Reklama

Kosmetolog ostrzega: promienie UV nie wybaczają błędów!

Kliknij aby odtworzyć

Promieniowanie UV – niewidzialny wróg naszej skóry. Jak się chronić i dlaczego to takie ważne? Wraz z nadejściem lata coraz więcej czasu spędzamy na świeżym powietrzu. Promienie słońca poprawiają nastrój i dostarczają witaminy D, ale niosą ze sobą również zagrożenia. Promieniowanie ultrafioletowe (UV) może poważnie uszkadzać skórę – nawet wtedy, gdy nie czujemy, że się opalamy. Dla osób w wieku 30–40 lat to szczególnie ważne, bo skóra zaczyna wtedy tracić swoją naturalną barierę ochronną. 

Co to jest promieniowanie UV?

Promieniowanie UV to niewidzialna część światła słonecznego, która dzieli się na trzy typy: UVA, UVB i UVC. Najbardziej niebezpieczne UVC zatrzymywane jest przez atmosferę, ale UVA i UVB docierają do ziemi. To właśnie one odpowiadają za opaleniznę, oparzenia, przebarwienia, starzenie się skóry i, niestety, nowotwory.

Przebarwienia i zmarszczki – sygnały ostrzegawcze

Nadmierne opalanie się, nawet przez kilka sezonów z rzędu, może powodować trwałe przebarwienia, które trudno usunąć. Skóra staje się mniej elastyczna, traci jędrność, pojawiają się zmarszczki. Promieniowanie UVA penetruje głębsze warstwy skóry i uszkadza kolagen – białko odpowiedzialne za jej młody wygląd.

Rak skóry – realne zagrożenie

Choć brzmi poważnie, wiele osób wciąż lekceważy ryzyko nowotworów skóry, takich jak czerniak. Ich rozwój może być bezobjawowy przez długi czas. Wczesne zmiany często są ignorowane lub uznawane za niegroźne pieprzyki. Tymczasem systematyczne narażanie skóry na słońce bez ochrony może znacząco zwiększyć ryzyko ich powstania.

Co mówi ekspert?

– Na pewno taką pierwszą podstawową sprawą, której często Panie zapominają, to będzie fotoprotekcja – mówi kosmetolog. – Czyli filtry UV 50 najlepiej. I tutaj nie jest to nałożenie tylko raz dziennie, ale co 2–3 godziny trzeba taki krem dołożyć i pilnować, żeby tej buzi nie wystawiać za mocno na słońce.

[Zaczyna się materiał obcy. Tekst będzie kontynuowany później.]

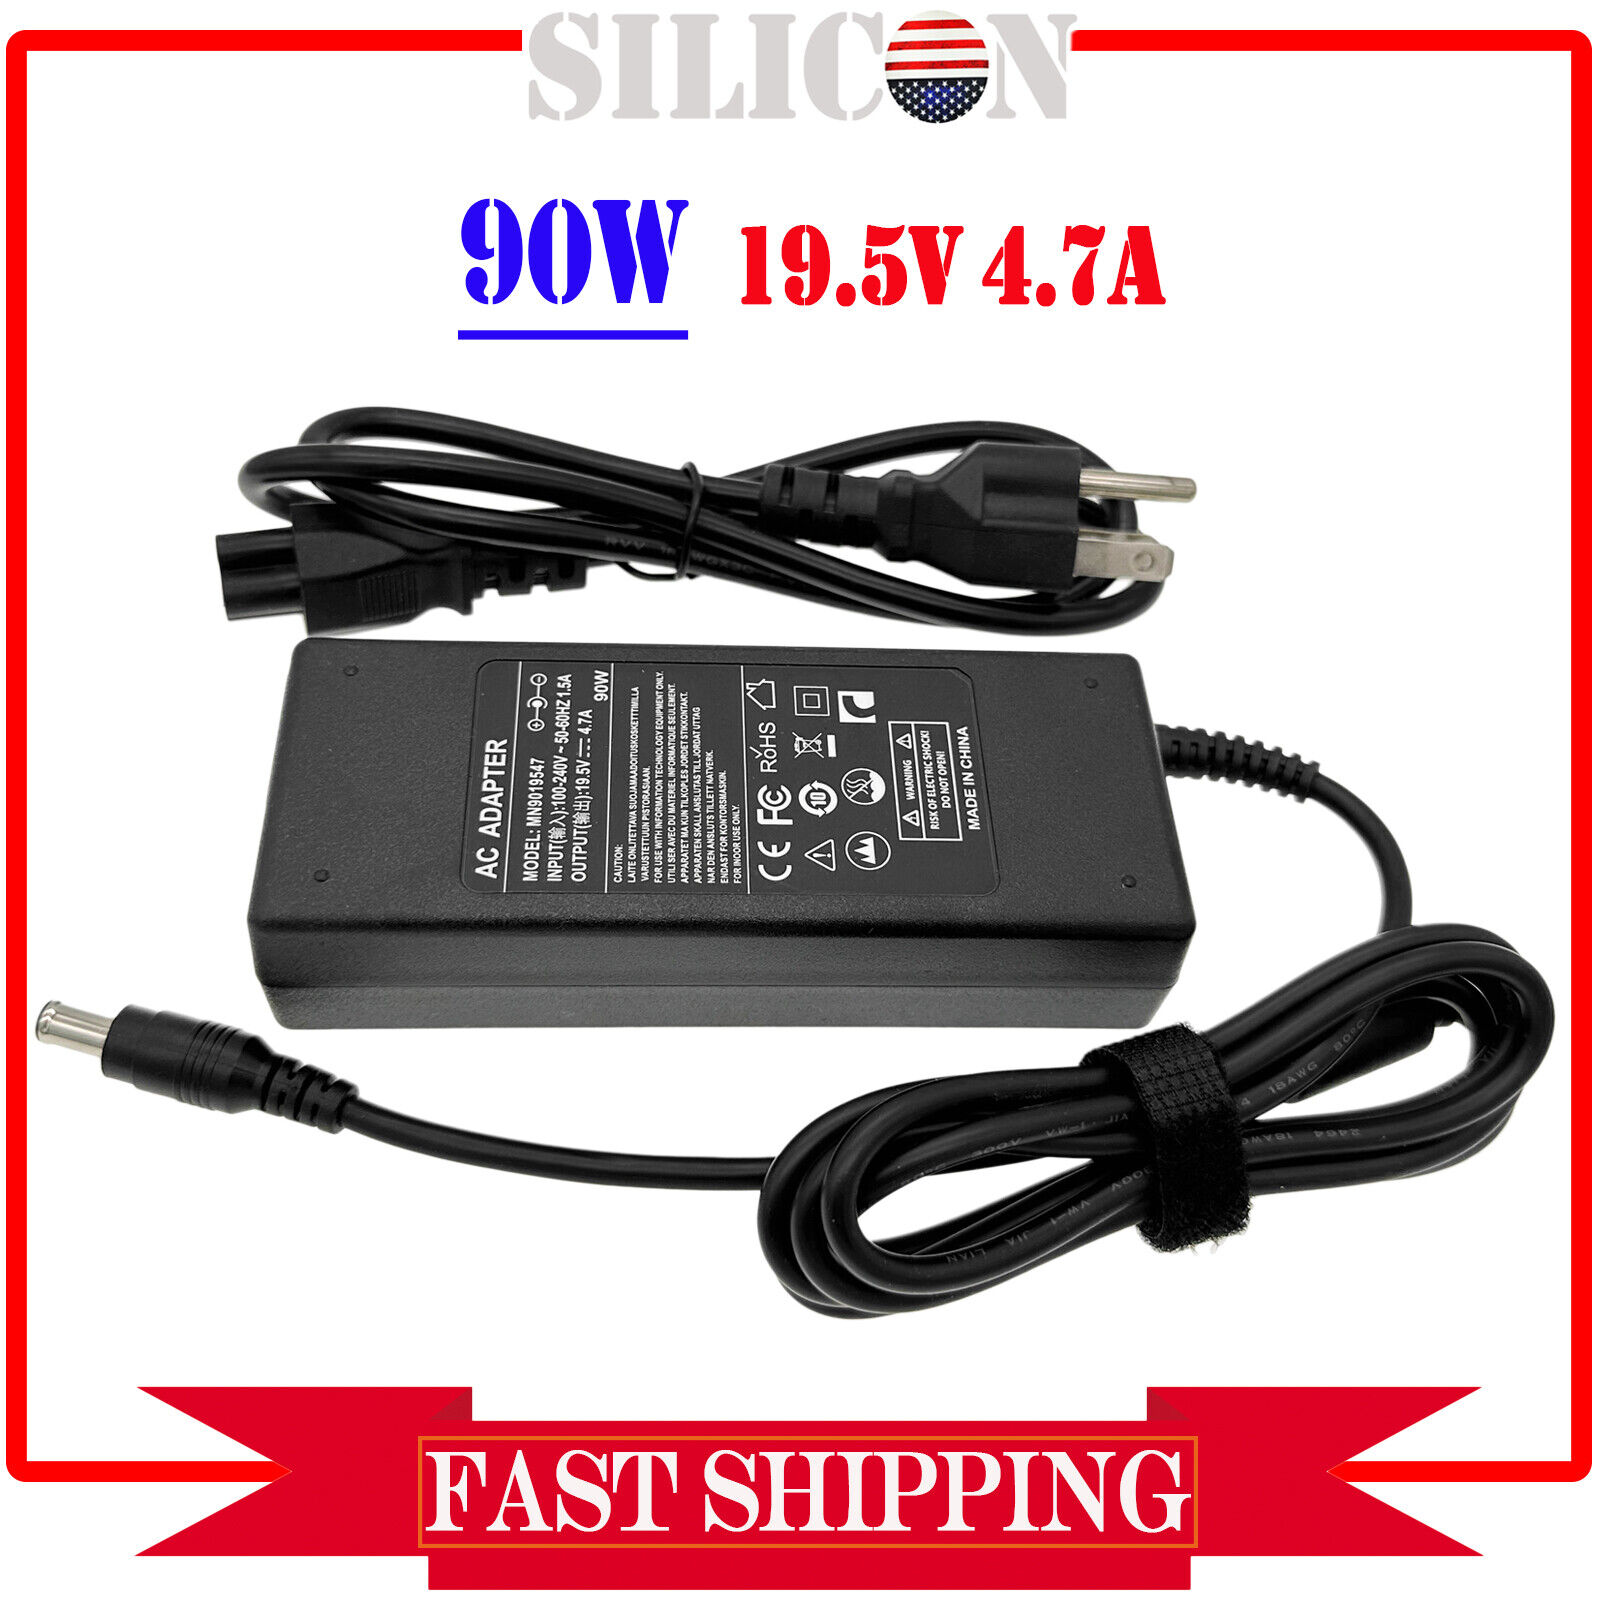 AC Adapter Charger Power For SONY VAIO PCG-61215L PCG-61317L PCG-971L

Specjaliści podkreślają, że ochrona skóry to nie tylko krem z filtrem. To również noszenie kapeluszy, okularów przeciwsłonecznych oraz luźnych, jasnych ubrań, które odbijają światło. I coś, o czym wielu zapomina – picie wody. Odpowiednie nawodnienie wpływa na kondycję skóry i pomaga jej szybciej się regenerować.

Jak chronić się przed promieniowaniem UV?

Oto pięć najważniejszych zasad:

  1. Stosuj krem z filtrem SPF 50 – nakładaj co 2–3 godziny, szczególnie po kontakcie z wodą.
  2. Unikaj słońca w godzinach szczytu – między 11:00 a 15:00 promieniowanie jest najsilniejsze.
  3. Noś kapelusz i okulary przeciwsłoneczne – to skuteczna ochrona głowy i oczu.
  4. Ubieraj się z głową – lekkie, przewiewne ubrania o jasnych kolorach odbijają promienie słoneczne.
  5. Pamiętaj o nawodnieniu – pij dużo wody, szczególnie w upalne dni.

Słońce to nie wróg, ale trzeba je „znać”

Promieniowanie UV nie musi być czymś, co nas ogranicza. Słońce może dawać energię i poprawiać nastrój – pod warunkiem, że korzystamy z niego rozsądnie. Wiek 30–40 lat to czas, gdy warto zacząć szczególnie dbać o skórę, bo skutki zaniedbań mogą być widoczne już za kilka lat. Zdrowa, dobrze chroniona skóra odwdzięczy się młodszym wyglądem, mniejszą liczbą zmarszczek i niższym ryzykiem chorób.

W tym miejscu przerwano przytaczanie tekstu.